After a few minutes one hot and steamy night in June, I decided that I didn’t need to put up with explorations into the seedy side of the creation of a Playboy Bunny. A few minutes of watching Paul Snider smear his victim’s blood all over himself was enough for me to “get the picture”. I am sure that the film has many interesting things to say. It explores exploitation, pornography and obsession. Based on a true story about Playboy Playmate, Dorothy Stratten, and told in flashback, I am sure that the uncomplimentary view of the wonderful world of porn had something to offer. It just wasn’t the kind of thing I was looking for that night.
Judy Garland had plum tuckered me out with all that singing and dancing. It was a rather long haul for someone who is not a great fan of Judy Garland. As many have said before, it was a rather long film. Even in the abridged version, which I believe is the one we watched on TVO, it was a long production. (Apparently, additional film footage does exist and even a few more minutes of sound track without the recuperated visual. It was dropped before the original release because of complaints about the film’s length.)
A part of me really likes those old fashioned musicals. I like being entertained. I love the colour, the glitz, the energy, and, above all, the dancing. Where can you see dancing like that today? It’s not very available, at least, not on-screen. They don’t make’em like that anymore.

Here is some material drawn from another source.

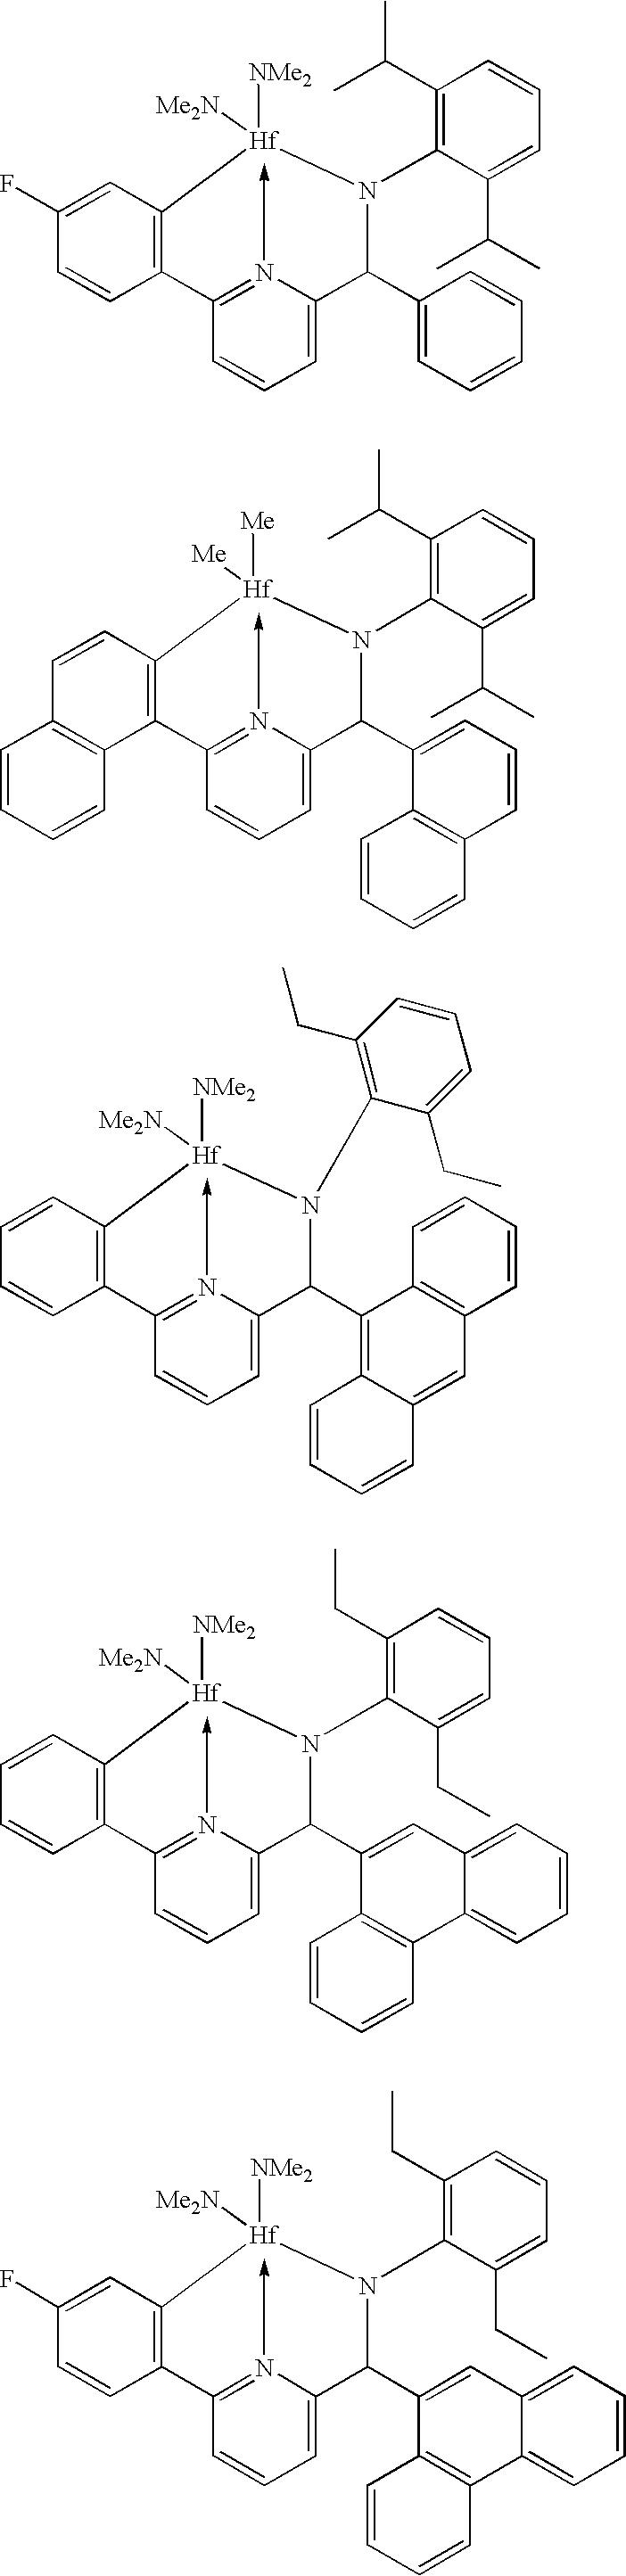 Figure US06900321-20050531-C00069

There are a number of things that I found a bit odd besides the film’s length. I understand that the way the film was made, it sort of grew bigger and bigger until it got just too big. The original story, which had already been made into a movie twice over, was expanded upon in order to add depth to characterization and to incorporate stage vehicles to show off Judy’s talents. This film in 1954 constituted Judy’s personal come-back to the big screen after her contract with the MGM studio had been cancelled three years earlier, evidently due to her own problems with substance abuse.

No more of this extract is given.